Это было вечером. Даже ветер в тот день казался раздражённым. Он швырял листья о стекло, хлопал дверью общего коридора в общежитии, будто подслушивал разговор и не выдержал. В комнате пахло мокрыми кедами, чипсами и несказанным.


Айлен стояла у окна, прижимая к груди блокнот. В нём были её наброски – портреты, тени, слова, которые никто не должен был читать. Особенно Тоби.


– Ты уже целый день молчишь, – сказал он, подкидывая мячик от настольного тенниса в ладонь и обратно. Щелчок. Щелчок. Как метроном перед взрывом.

– Потому что, когда я говорю, ты не слышишь.

– А, ну началось.


Он встал, прошёлся по комнате, будто в ней не было стен, только углы, в которые можно загонять человека. Айлен крепче сжала блокнот.

– Я устала, Тоби. От этих поверхностных разговоров, от твоих друзей, от этой… гонки без смысла.

Он скривился:

– Поверхностных? Это ты с утра до ночи пялишься на Роуэна, как на икону! Даже не скрываешь! Может, ты и устала, потому что слишком занята фантазиями о своём благородном преподе?


Айлен резко повернулась к нему. Впервые – резко.

– Не смей.

– Что – не смей? Говорить правду?

– Это не правда. Это твой страх. Ты чувствуешь, что теряешь контроль. Что я больше не та, кого можно держать на поводке.

– Поводке?! Да ты, блин, просто зазналась! Считаешь себя такой умной, такой «тонкой душой»! Ты всё усложняешь, Айлен. Жизнь – это просто тусовки, спорт, секс. А ты вечно ковыряешься в себе, в других, в картинках, в книгах…

– Потому что мне не хватает настоящего, – перебила она. – И знаешь, я больше не хочу жить по твоим лекалам. Я не хочу быть девчонкой на твоём фоне. Я хочу быть собой.


Тишина после этих слов была плотной, как в зале перед выстрелом стартового пистолета. Потом Тоби сжал кулаки.

– Так ты уходишь? Из-за него?


Айлен не ответила сразу. Она смотрела в окно. Дождь начинал накрапывать, стекло стало мутным. Она вспомнила, как Маркус когда-то на лекции сказал: «Часто мы путаем источник света с тем, на кого он падает». Может, она и правда путает. Но она больше не могла оставаться в темноте.

– Я ухожу, потому что ты больше не слышишь меня. Даже если бы не было Маркуса.


Тоби стоял, будто его ударили в грудь. Беззвучно. Его гордость пыталась что-то сказать, но рот не слушался. Потом он выдохнул:

– Ты ещё пожалеешь.

– Возможно. Но это будет мой выбор.


Она взяла пальто, блокнот и вышла, не захлопнув за собой дверь. Пусть сам решит – закрывать или оставить открытой.


В ту ночь она бродила по улицам рядом с Темзой.

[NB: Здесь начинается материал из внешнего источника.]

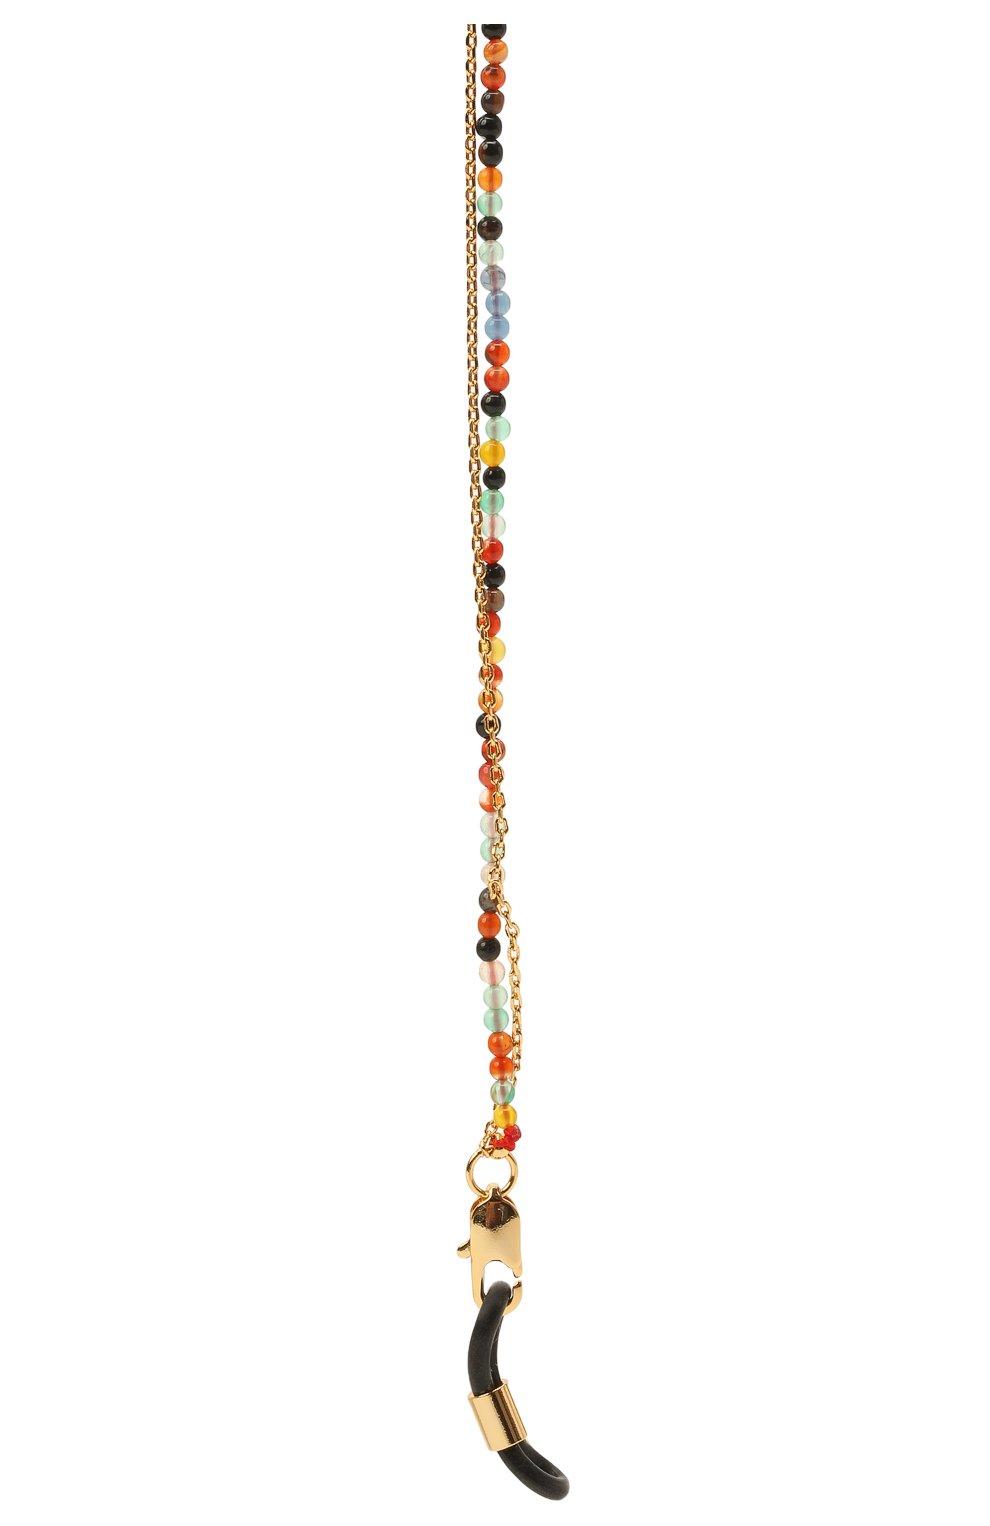 Женские цепочка для очков FRAME CHAIN разноцветного цвета, арт. IT`S A WRAP YELL0W G0LD   Фото 2 (Тип очков: Цепочка)

Лужи отражали фонари, будто мир сам плакал и не знал, как остановиться. Её ботинки промокли. Пальцы в карманах дрожали.


Она не звонила никому. Ни подруге Софи, ни матери, ни брату. Она была одна. И в этой пустоте вдруг проступила тихая ясность – лучше быть одинокой, чем чужой рядом с тем, кто не видит тебя.


Телефон завибрировал. Сообщение от Тоби:

"Надеюсь, он стоит того."


Она не ответила. Просто стерла его номер. Не из злости – из необходимости. И пошла дальше, сквозь дождь, в ночь, где никто её не ждал.


Но в какой-то момент – среди шума дождя, запаха мокрого асфальта и холода – она подумала о Маркусе. Не как о преподавателе. Не как о мужчине. А как о человеке, который однажды сказал: «Ты не должна понимать всё сразу. Иногда достаточно чувствовать».


И в этот момент она просто шла. Без плана. Без цели. Но впервые – честно.


3. Профессор Маркус Роуэн: как будто не замечает

Маркус Роуэн всегда был человеком, которого трудно прочитать. Его движения – точные, как мазки по холсту, взгляд – пристальный, но будто сквозь. Он говорил мало, но каждое слово весило. В колледже его побаивались, хотя он никогда не повышал голос. Просто рядом с ним было невозможно спрятаться – перед ним как будто обнажалась не только форма, но и суть.


Он преподавал современное искусство так, будто спасал им жизни. Уроки были больше похожи на внутренние перевороты, чем на лекции. Он задавал вопросы, от которых студенты неделями не могли избавиться. Он умел смотреть на тебя и говорить:

– Как ты думаешь, почему этот художник оставил холст наполовину пустым?


И ты начинал думать не про холст, а про свою жизнь.


Айлен заметила его сразу. Не потому, что он был красив – хотя высокий рост, чёрная рубашка, чуть растрёпанные волосы и глаза цвета мокрого камня не могли остаться незамеченными. Но дело было в другом. Он излучал сдержанную боль, как будто что-то когда-то надломилось, но он решил не рассказывать никому. Он был другим. Таким, к каким хочется прикасаться не руками, а душой.


Она садилась на его лекциях ближе к окну, наблюдала, как он держит мел, как касается подбородка, когда задумывается. Иногда она ловила его взгляд, но он всегда отводил глаза. В этом отведённом взгляде было что-то… тяжёлое.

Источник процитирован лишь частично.